How are energies determined in gamma ray calibration standards? In operating scintillation gamma ray detectors, certain gamma ray standards are used for calibration:  
Energy (KeV)
Na-22, 511
Mn-54, 835
Co-57, 122

How are these energies determined.
 A: Besides the szintillation gamma-ray detectors
there are the semiconductor-based gamma-ray detectors.
These semiconductor-based detectors (and especially the germanium-based one)
provide a much better energy resolution in comparison to the szintillation detectors.
From Gamma-ray spectrometer: How a GRS works

Another approach relies on using Germanium detectors
   - a crystal of hyperpure germanium
   that produces pulses proportional to the captured photon energy;
   while more sensitive, it has to be cooled to a low temperature,
   requiring a bulky cryogenic apparatus.

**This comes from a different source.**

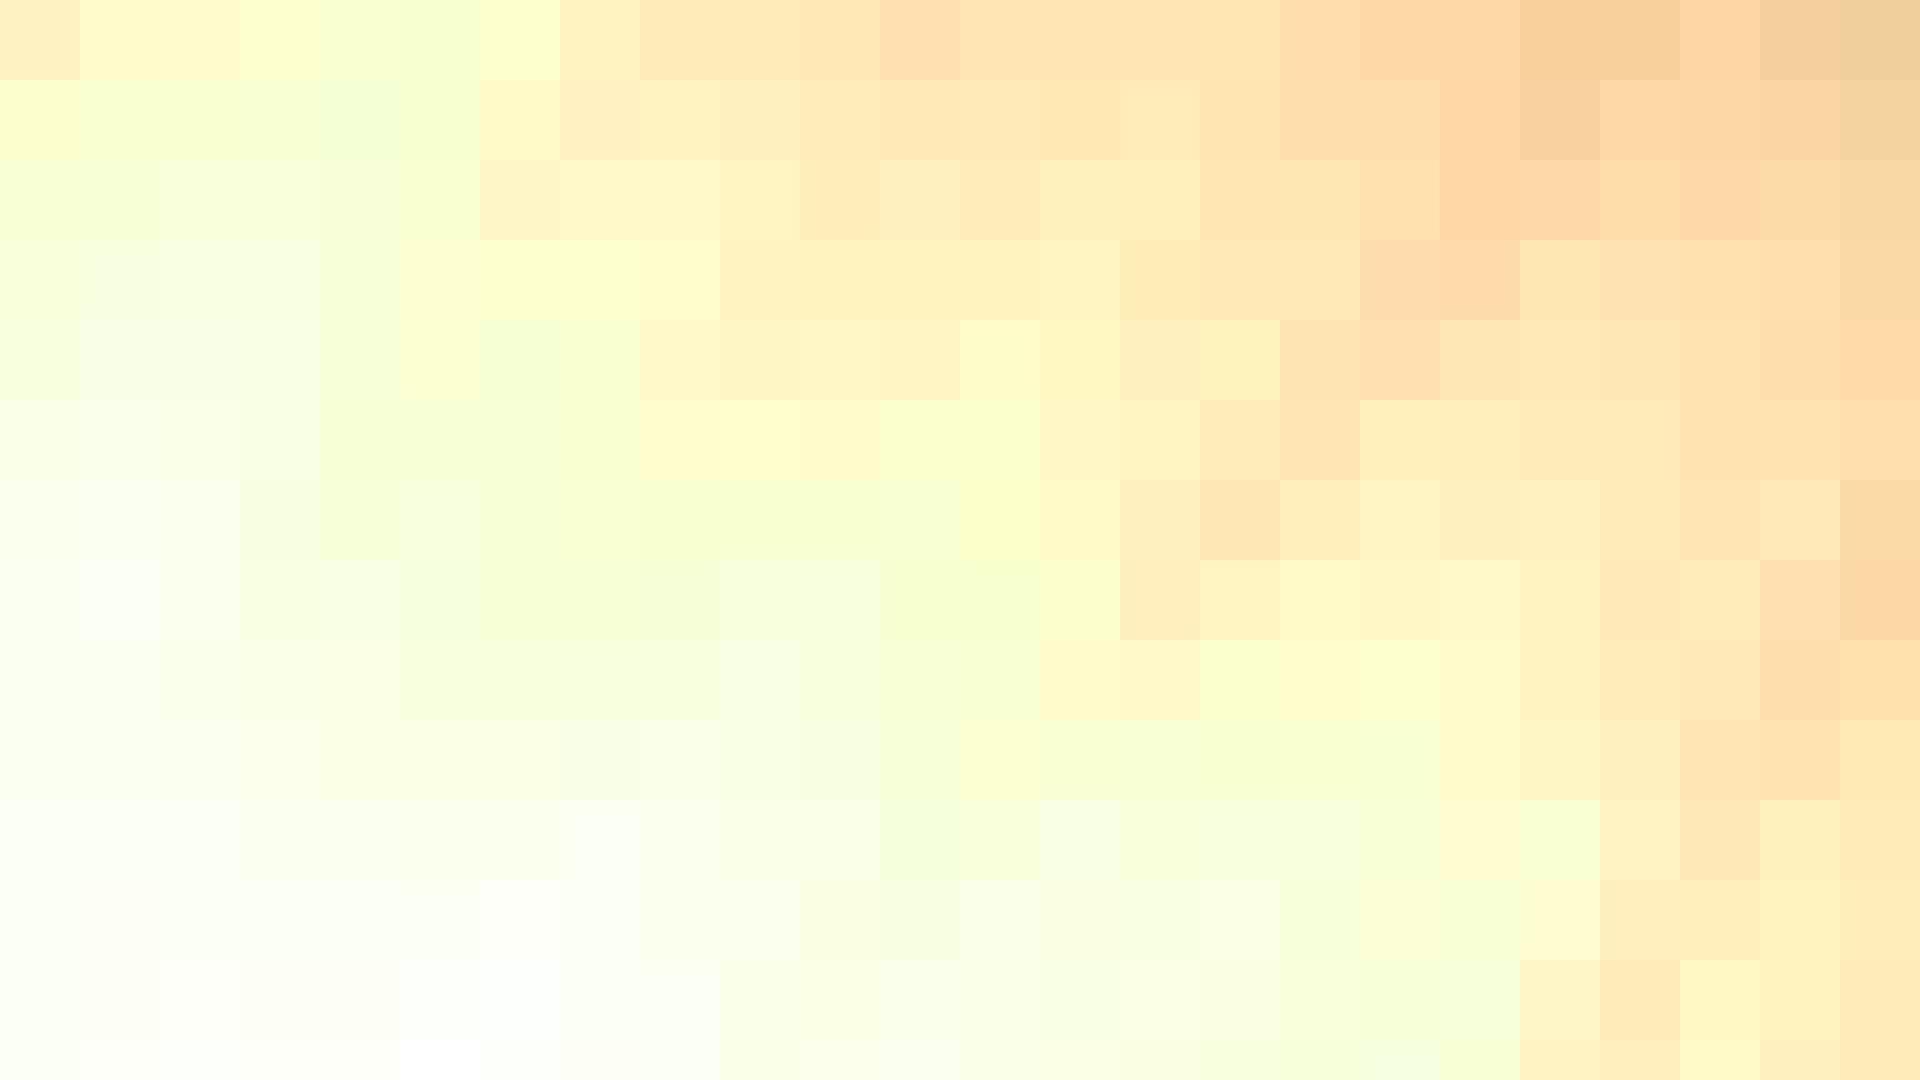 阿国ちゃんの「和式洋式七変化」No.17 美女  102PIX 21

Therefore you can calibrate a szintillation detector with the
gamma energies measured with a semiconductor-based detector.
But this immediately raises the next question:
How can a semiconductor-based gamma-ray detector be calibrated?
For low-energy gamma-rays you can measure their
wavelength $\lambda$ from diffraction by crystals.
This is the same method as used for measuring X-ray wavelengths
(see also Bragg's law),
because low-energy gamma-rays and high-energy X-rays are essentially
the same thing.
From the wavelength $\lambda$ the energy $E$ of the gamma-photon
can be calculated by $E = h\nu = hc/\lambda$.
However, this method is applicable only if the wavelength is not much smaller
than the atomic distances in the crystal (i.e. for low-energy gamma-rays),
otherwise the diffraction angles would be unmeasurable small.